We both clashed but remained in our positions. This is politics. Rather than to push the issue, I decide to cast it aside. “Indeed.”

“And now you’re just avoiding the topic.”

“Indeed,” I say without any hint of irony. “I have always been a coward. Running away from problems is what kept me alive. There is no point in denying that. That is why I fantasize about crushing everything. I revel in destruction.” Here, I make a sardonic grin. “But, funnily enough, I destroy only myself and no one else.”

“Destruction?! To destroy everything just to lay dust to it is as pointless as not resisting it. We need to establish a new order.”

“You and I are both fools for hoping for anything to come of it, of either establishing a new government or of destroying the old one.”

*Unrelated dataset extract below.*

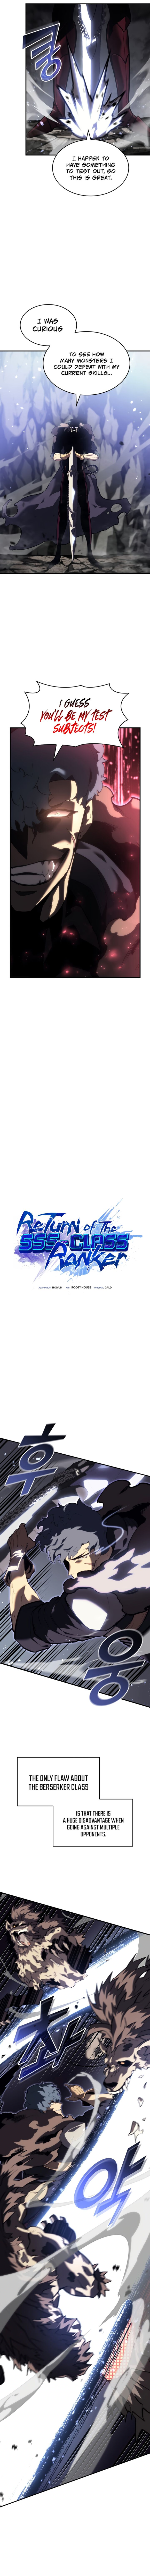 return_of_the_sss_class_ranker_54_5
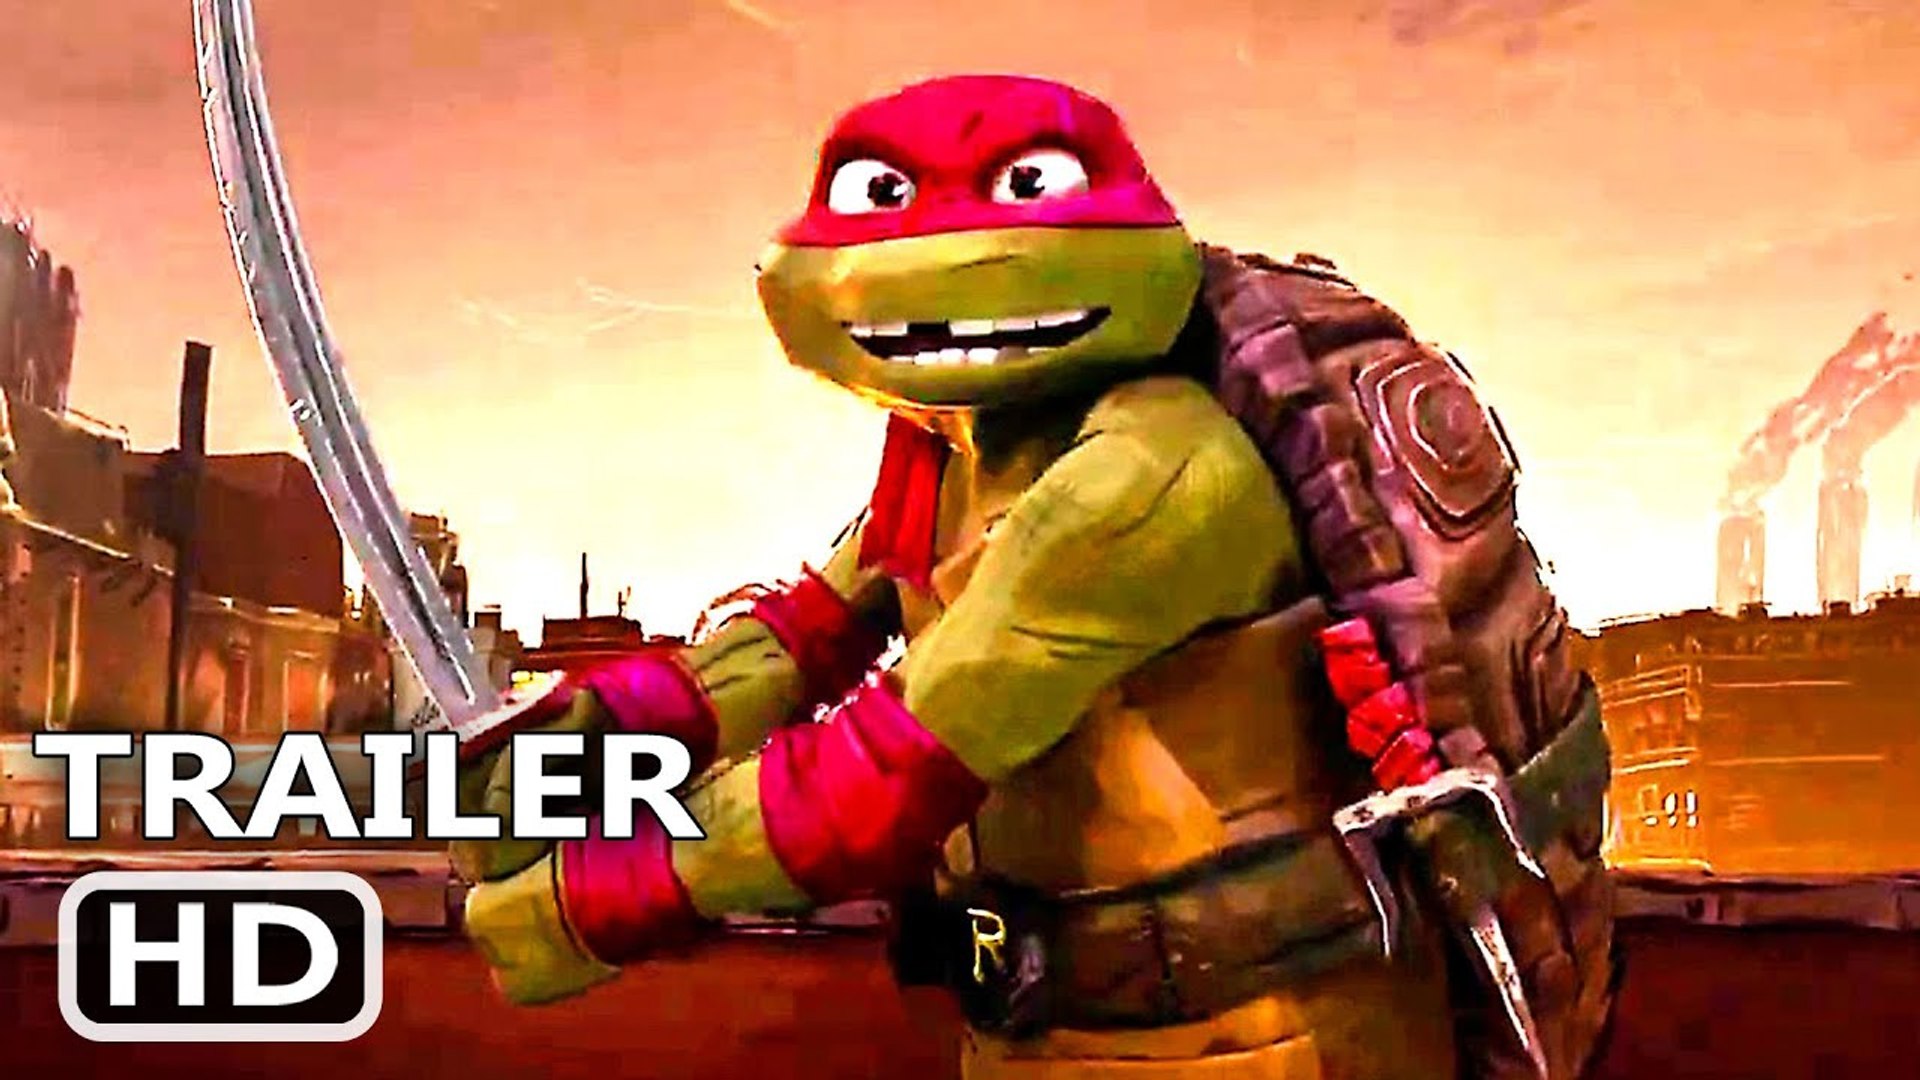 Teenage Mutant Ninja Turtles: Mutant Mayhem  Teaser Trailer (2023 Movie) -  Seth Rogen

“Once again, this is where I beg to differ. Accepting my fate is the greatest insult I could ever inflict on myself. I refuse to accept it. I will change myself and doggedly fight it to the bitter end. That way, I can die a man.”

“Or die embittered.”

“If I am to die embittered, let it be at the very end and not the very beginning, as you have.”

“You’re not wrong,” I laugh, “but bitterness at the end is far worse than bitterness at the beginning. All that work and toil disappears. It’s nothing. All your life has led up to a smokescreen. Not even being betrayed by Nikolai could compare to the feeling of utter hopelessness in that moment when everything breaks apart.”

“Not everything breaks apart. You have your legacy that people will speak of and it will be remembered.”

“Oh really? It only took fifty years for this war to be wiped from the public’s eyes. There is no reason to believe in something so foolish!”

“That is because we let ourselves forget. We could not bear to remember the scars that our own country inflicted on its people. It was so disgraceful it could not help but be forgotten. That is why we must remember. We’ll make them remember.”

“How?” I laugh. “How can you do something like that when you yourself have seen just how quickly people forget.”

“The government is the ripe for the taking. The people have a long list of grievances but there is no redress. In this instability, we shall be the heroes that storm the capital.”

“Heroes? More like villains. The people utterly despise you. You claim to fight for them but you end up taking civilian lives in the process. That sort of blind justice is what I despise the most. Even hypocrisy is better because it’s acknowledge, but to pretend as though it’s fair and right is just too pathetic.” I make a mocking grin. “It is just like our current generation but I am too old to reproach them.”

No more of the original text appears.